*Exercise prompt*. Please give back, word for word, only the lines starting at the one containing "Biden focuses on down-ballot race in Ohio" and ending at the one containing "Sun shines through" within the material below.

*Exercise materials*.
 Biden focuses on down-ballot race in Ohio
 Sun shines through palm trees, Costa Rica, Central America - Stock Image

--

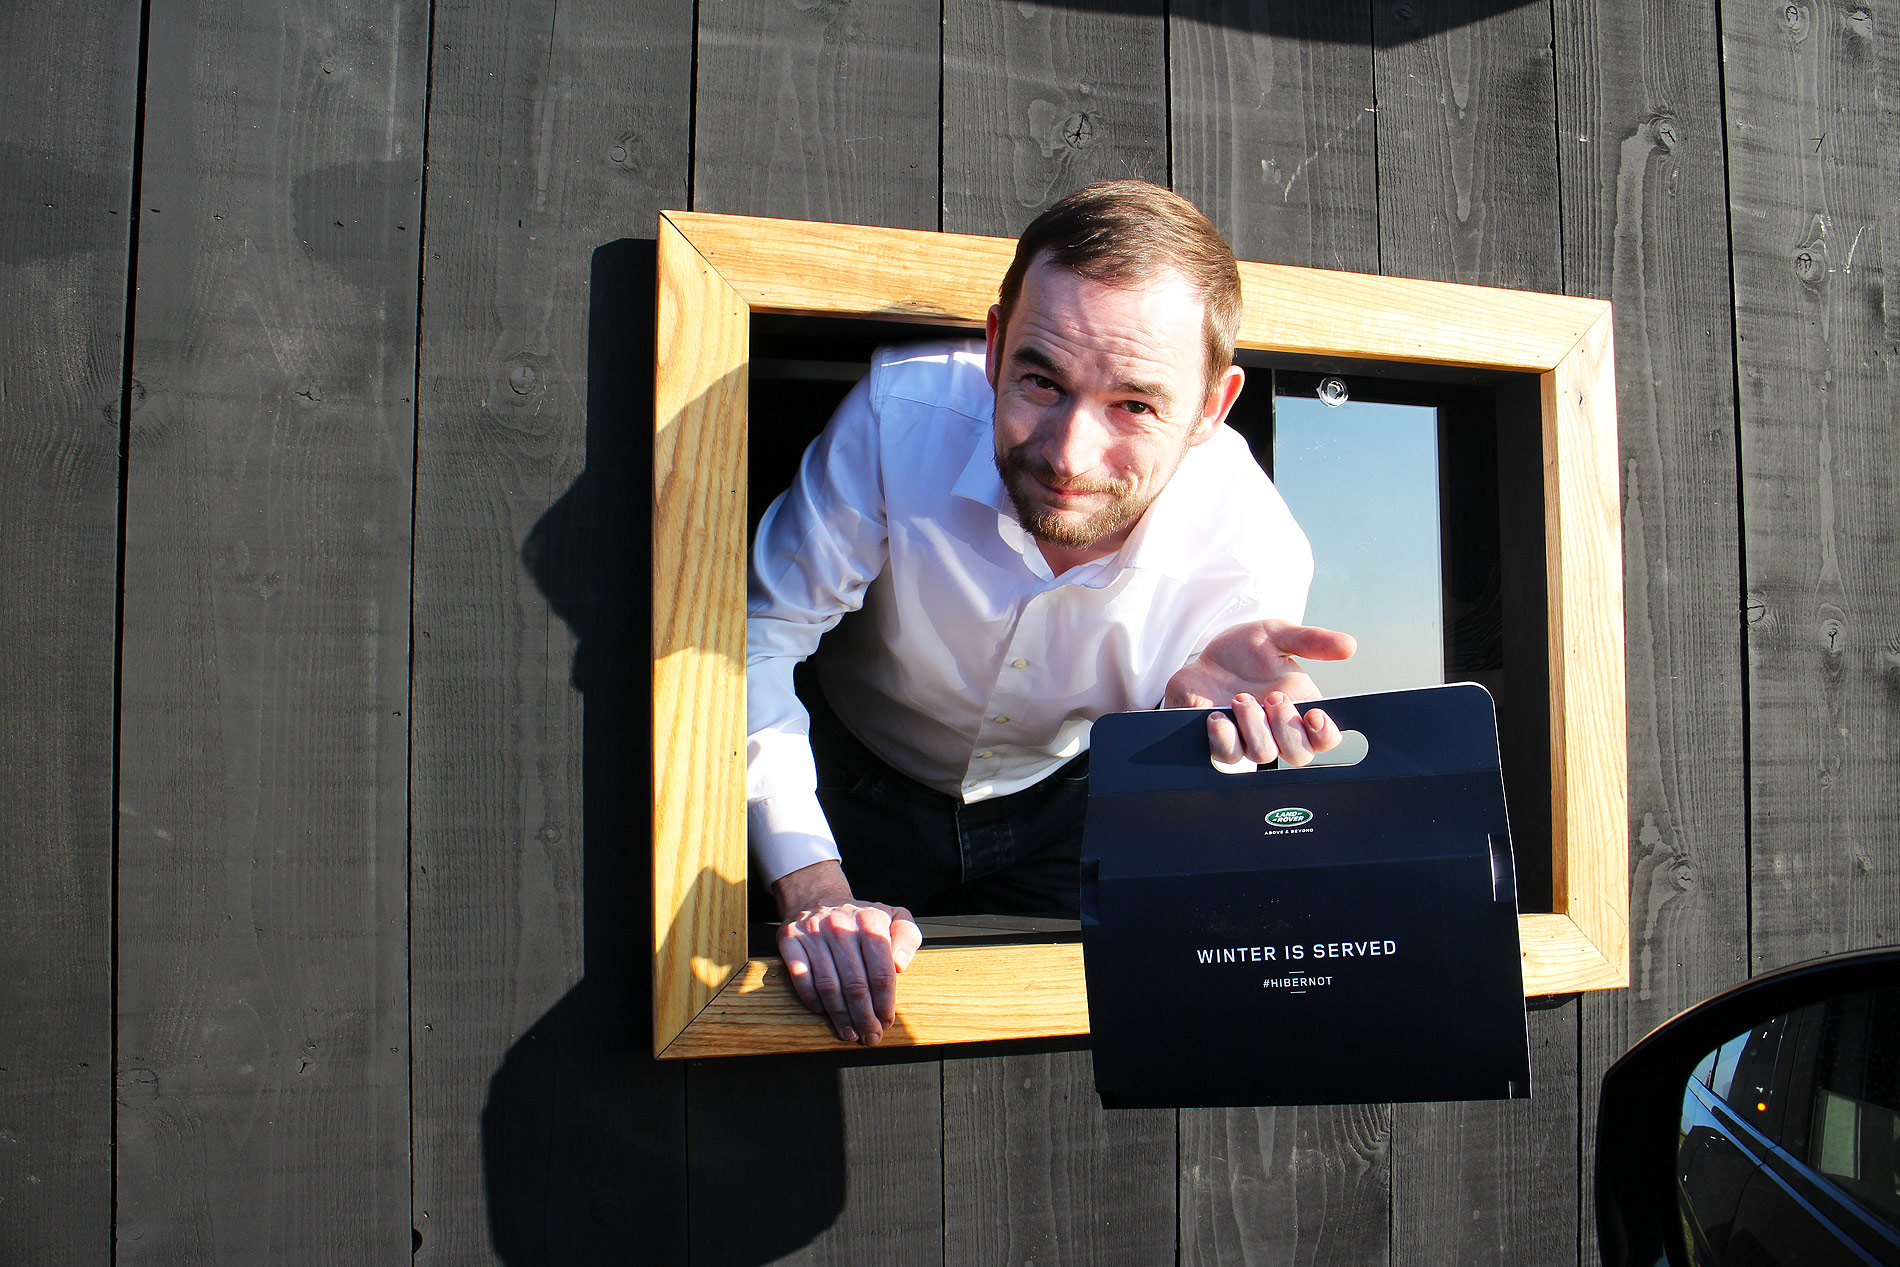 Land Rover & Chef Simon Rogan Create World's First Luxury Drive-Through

*Result of the task*.
 Biden focuses on down-ballot race in Ohio
 Sun shines through palm trees, Costa Rica, Central America - Stock Image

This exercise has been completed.